За те три недели, что Дэвид провел у них, Мерси ни разу не ночевала в студии и даже днем заскакивала туда лишь изредка. Она вынуждена была удовлетвориться той одеждой и косметикой, которая оставалась дома, и это заставило ее осознать, насколько основательно она, оказывается, сменила место жительства. Она фактически съехала. Дошло до того, что Робин спрашивал: «Ты сегодня здесь ночуешь?» – не принимая больше этот факт как должное, и если она отвечала «да», он радовался и вздыхал с облегчением. А когда Элис и Лили звонили матери, они сначала набирали номер студии, даже не задумываясь. Но ни одна из девочек не спросила напрямую, что происходит. Ни одна не удивилась: «Ты что, ушла? Вы с папой расстались?» Может, просто не хотели этого знать. Может, как Шепарды, предпочитали не замечать инициалы, выцарапанные на часах. А у Дэвида, разумеется, не было никаких причин задавать подобные вопросы, поскольку для него ничего не изменилось.
Ей вспоминался первый раз, когда Лили привела в гости Морриса, – как решительно дочь объявила, что выходит за него замуж, беспечно игнорируя тот факт, что она уже замужем, да и Моррис женат, и ни словом не упомянув о своей беременности. Неужели и в самом деле так легко убедить мир, будто жизнь продолжается как ни в чем не бывало?
Да, очевидно, так.
* * *
В январе наступили холода, и Мерси купила электрическое одеяло. Сначала хотела плед, но толстый плед бугрился бы под вельветовым покрывалом. (Ей крайне важно было завуалировать тот факт, что кушетка служит заодно кроватью.) Блок регулировки температуры она спрятала за подушкой, так что никто и не заподозрит правды.

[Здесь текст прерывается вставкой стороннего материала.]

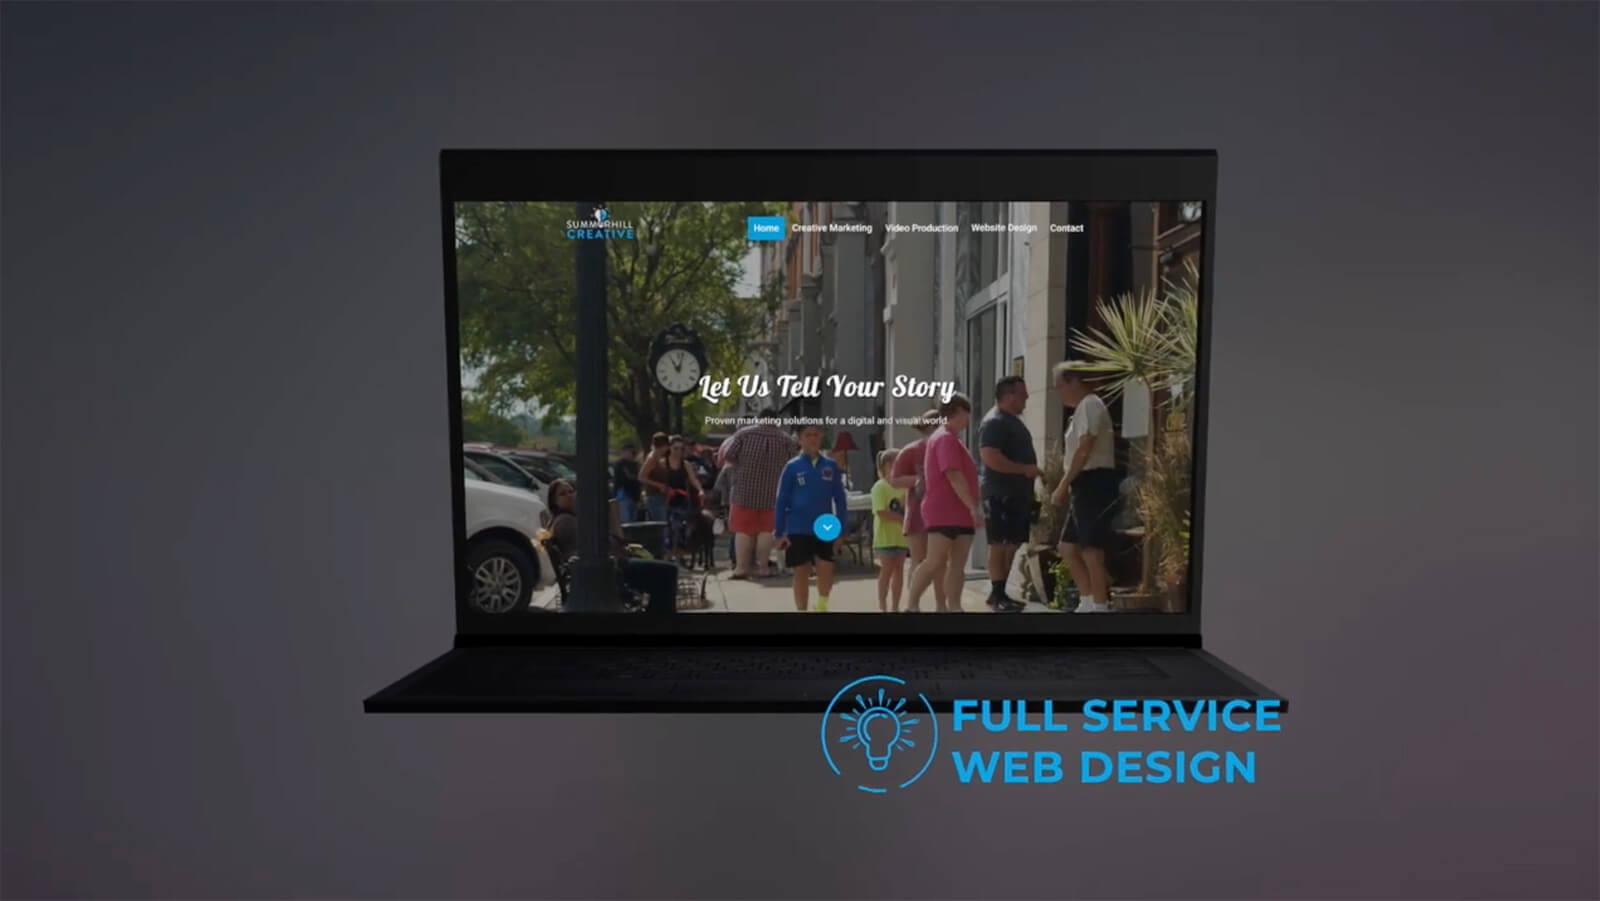 website design video image-summerhill creative

Линолеумный пол был настолько ледяным, что холод ощущался даже сквозь подошвы туфель, поэтому пришлось купить тяжелые замшевые башмаки и вставить в них стельки из искусственной шерсти. Студия отапливалась единственным электрическим радиатором, закрепленным на стене, и Мерси передвинула стол поближе к нему, чтобы совсем не застыть во время работы.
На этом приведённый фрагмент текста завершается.